Sanji finished the bandages and sat back. "You're going to be sore for a week."

"I'm sore now."

"That's the beginning."

Usopp was finally smiling, the fear fading from his face, something like hope taking its place. "We're really going to the Grand Line. We're really doing this."

Johnny and Yosaku whooped, the sound echoing across the deck, and Sanji was laughing, and Usopp was telling some story about how he'd almost single-handedly saved the ship from Buggy's fleet, and Zoro was rolling his eyes, and Nami was holding on.

Luffy lay on the deck, his crew around him, his ship beneath him, his future ahead of him. His body was broken. His ribs were cracked. His arm was purple. His throat was bruised. He had almost died. He had almost lost. He had flown across the sky on rubber arms and crashed into his own ship.

He was smiling.

"Hey, Nami."

She lifted her head. Her face was a mess. Her eyes were red. Her cheeks were wet. Her nose was running. She was the most beautiful thing he'd ever seen.

"Yeah?"

"How long until we reach the Grand Line?"

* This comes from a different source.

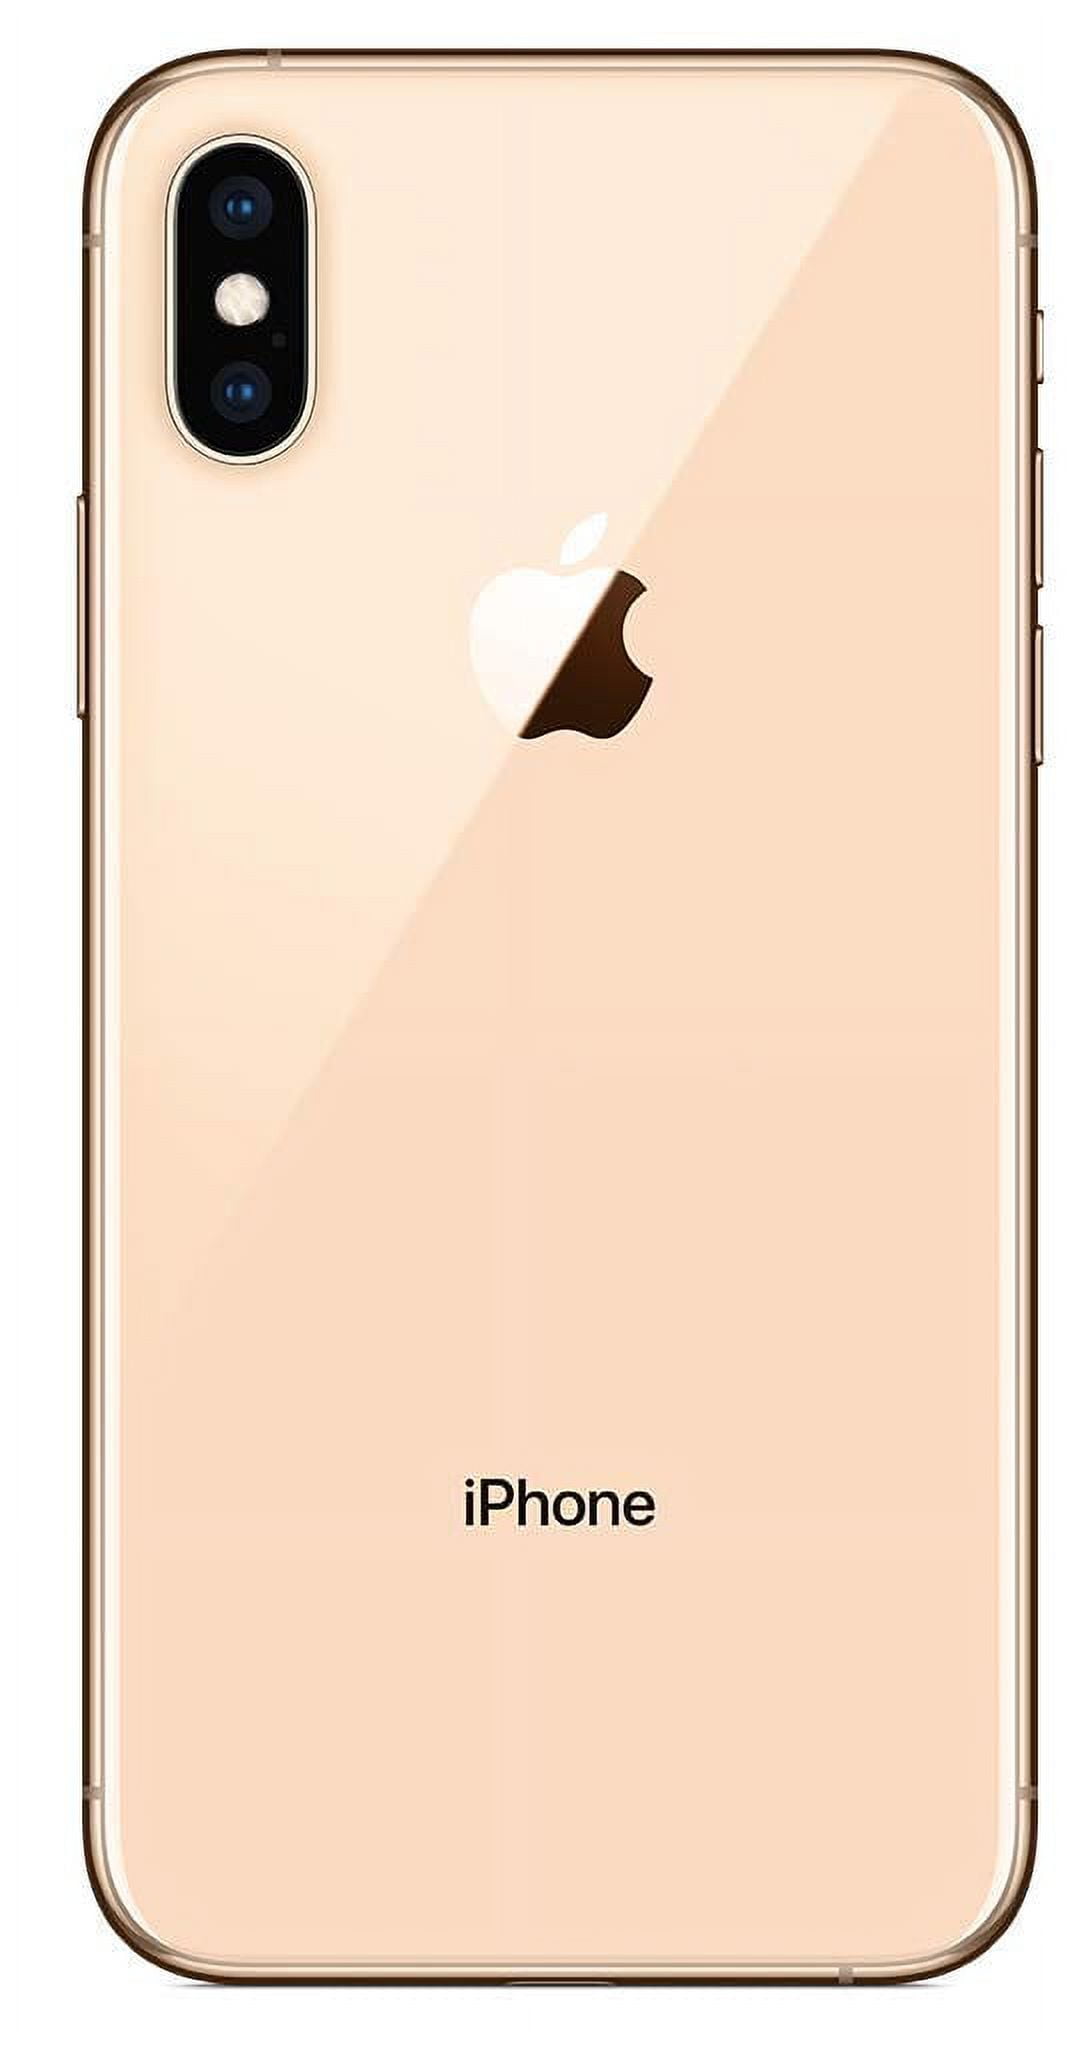 Restored Apple iPhone XS 64GB GSM Gold Unlocked Smartphone (Refurbished)

She stared at him. Then she laughed. It was wet and broken and perfect. "You're bleeding on the deck."

"That's not an answer."

"A few days. Maybe less if the wind holds."

Luffy's smile widened. He looked up at the sky, at the stars spreading across the darkness, at the path they would follow, the sea they would cross, the adventures waiting for them.

"A few days," he said.

"Until the Grand Line."

He closed his eyes, and he let the ship carry him forward.